Graph Embedding Methods:
- Vector Point-based Methods: Aim to embed nodes as single points in a latent space.
- Random Walk-based (DeepWalk, LINE, node2vec): These methods are highlighted for scalability. The pipeline involves:
- Generating node context (sequences) using random walks (e.g., DeepWalk's truncated walks, node2vec's biased walks controlled by parameters p and q to balance BFS/DFS exploration).
- Learning embeddings using an encoder (typically a SkipGram model) by optimizing an objective function (e.g., maximizing likelihood of context nodes given a source node) using techniques like hierarchical softmax or negative sampling with SGD.
- Using the learned vectors (Φ∈R∣V∣×L) for downstream tasks.
- Limitations include the inability to capture network uncertainty.
- Gaussian Distribution-based Methods (KG2E, Graph2Gauss/G2G, DVNE): Embed nodes as multivariate Gaussian distributions N(μi,Σi), capturing uncertainty via the covariance Σi.
- Advantages: Model uncertainty, incorporate node attributes, represent nodes as "soft regions".
- Implementation (e.g., G2G): Involves generating node triplets (i,jk,jl) where node i is closer to jk than jl (based on k-hop neighborhoods), using a deep encoder to map node attributes X to μ and Σ, defining an energy function (e.g., KL-divergence) to measure distance between distributions, and minimizing an energy-based ranking loss (e.g., square-exponential loss) to enforce proximity constraints (E(Pi,Pjk)<E(Pi,Pjl)).

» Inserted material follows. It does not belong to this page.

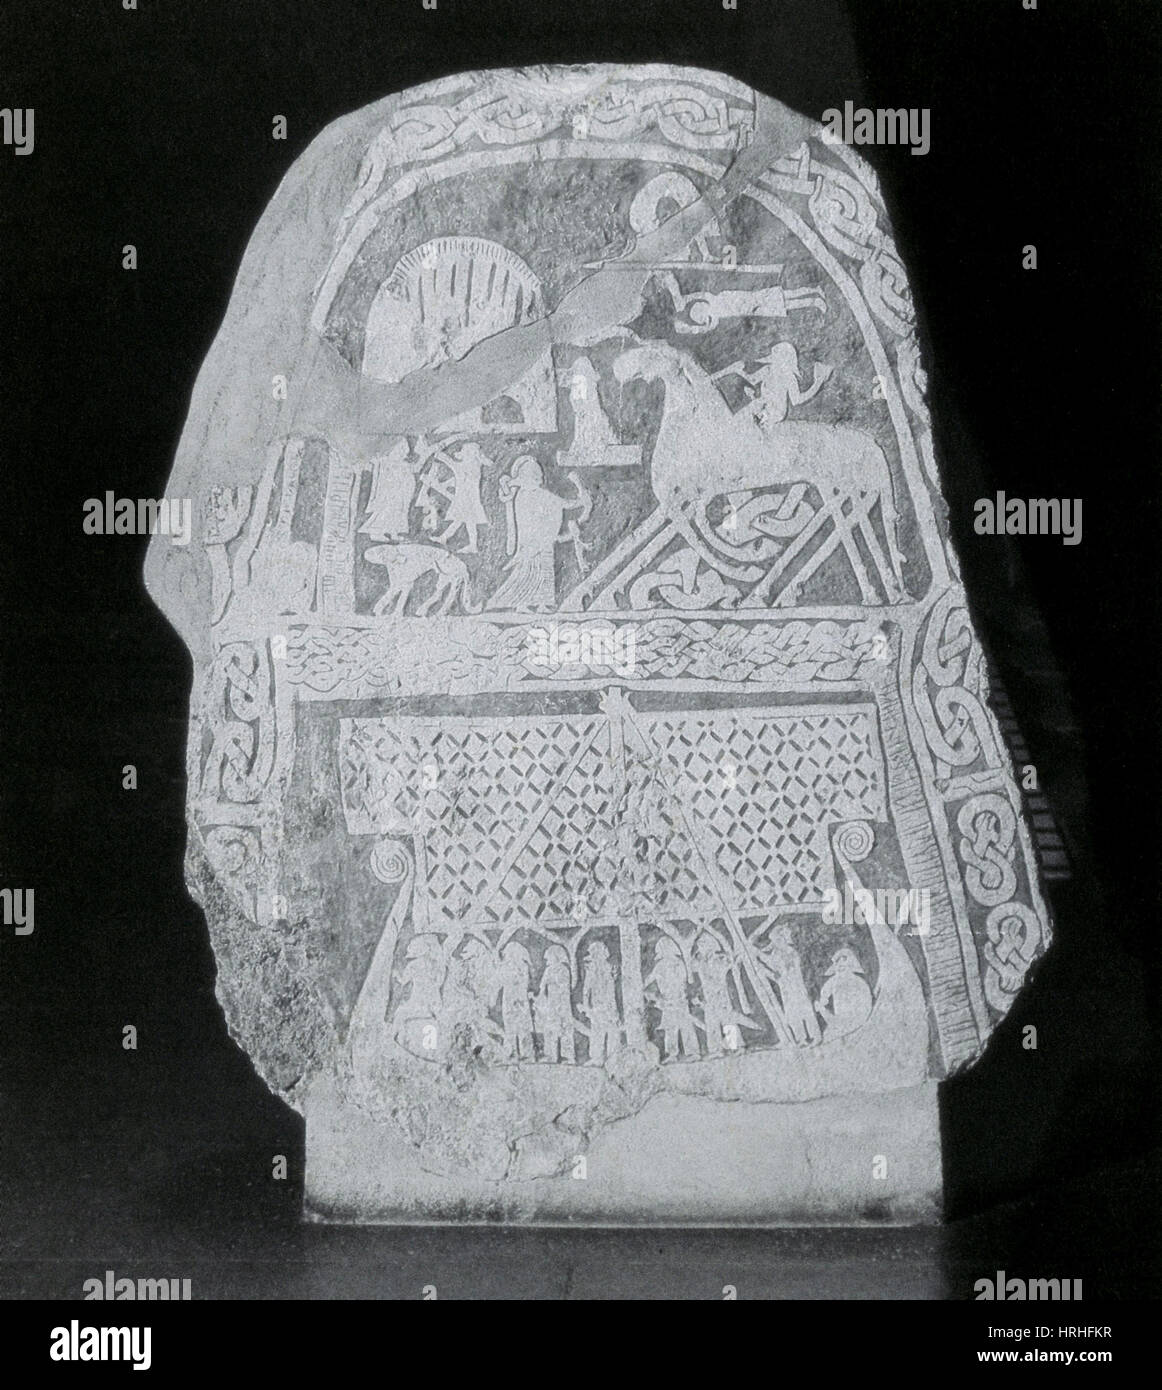 Stèle illustrant la mythologie nordique Photo Stock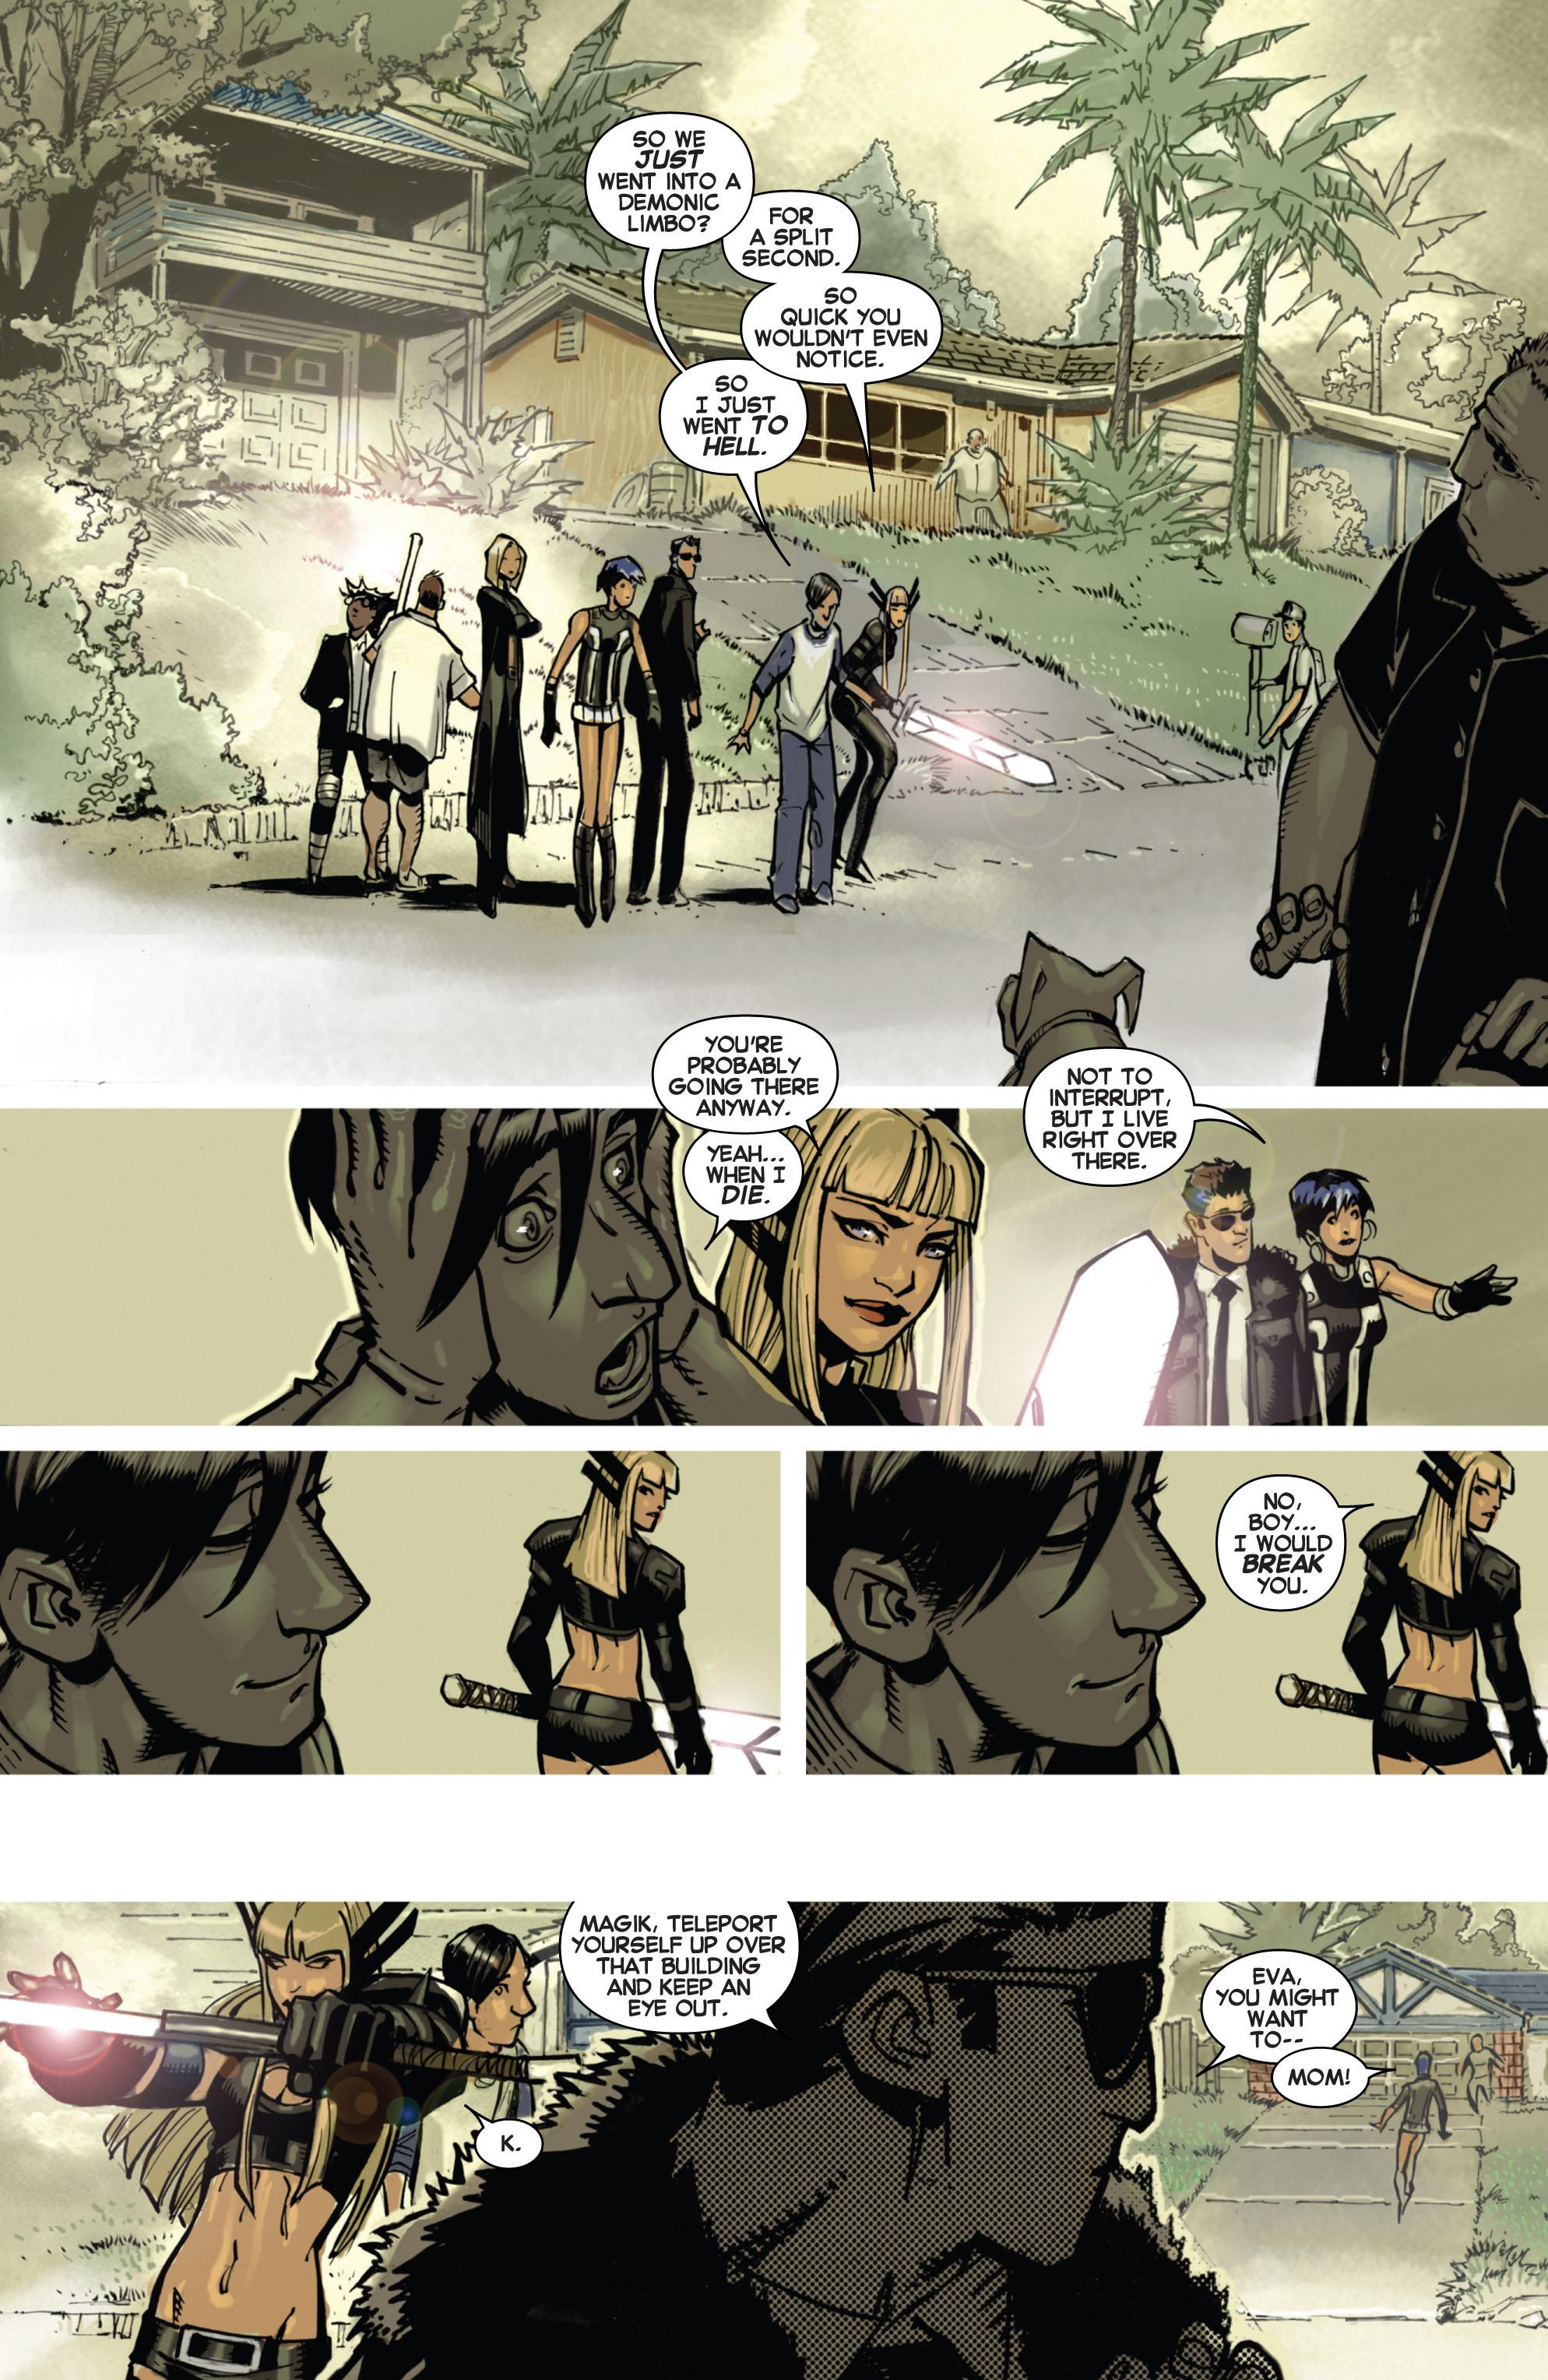 Read online Uncanny X-Men (2013) comic -  Issue # _TPB 1 - Revolution - 41

- Benefits: Quantifies neighborhood diversity, helps discover intrinsic graph dimensionality.
- Dynamic Graph Embedding Methods: Address graphs that evolve over time.
- Representations: Discrete snapshots (G1,...,GT) or continuous-time graphs (temporal edges, link streams).
- Challenges: Ensuring embedding stability across time steps, efficiently updating embeddings, scaling to large dynamic networks.
- Approaches: Include methods based on matrix factorization, SkipGram, autoencoders, GCNs, and GANs.
Applications:
The paper showcases graph embedding applications across diverse domains:
- Social Networks: Community detection in Zachary's karate club using DeepWalk; analysis of large-scale attributed networks (Facebook, Twitter).
- Citation Networks: Node classification and analysis of uncertainty in CORA/CORA-ML datasets using Graph2Gauss, demonstrating how variance relates to neighborhood diversity and intrinsic dimensionality.
- Brain Networks: Using node2vec for predicting structure-function links; using multi-graph Gaussian embedding (MG2G) on fMRI data to quantify cognitive training effects in aMCI patients, leveraging uncertainty for patient-specific analysis and identifying affected regions/systems; predicting Alzheimer's progression using MEG data.
- Genomic Networks: Identifying chromatin sub-compartments from Hi-C data using LINE embedding and k-means; analyzing gene sets using Gaussian embedding (set2Gauss) to model functional diversity and uncertainty within sets based on protein-protein interaction networks.
Implementation and Summary:
- The paper emphasizes practical implementation, providing details in the appendix for node2vec on the Karate club dataset and Graph2Gauss on the CORA-ML dataset, mentioning libraries like NetworkX, Gensim, scikit-learn, and TensorFlow.
- It concludes by positioning graph embedding as a powerful, scalable approach for modern network analysis, superior to traditional methods and older dimensionality reduction techniques like Isomap due to lower computational complexity (often linear) and added capabilities like uncertainty quantification. The review focuses on scalable random walk and neural network-based methods for both static and dynamic graphs.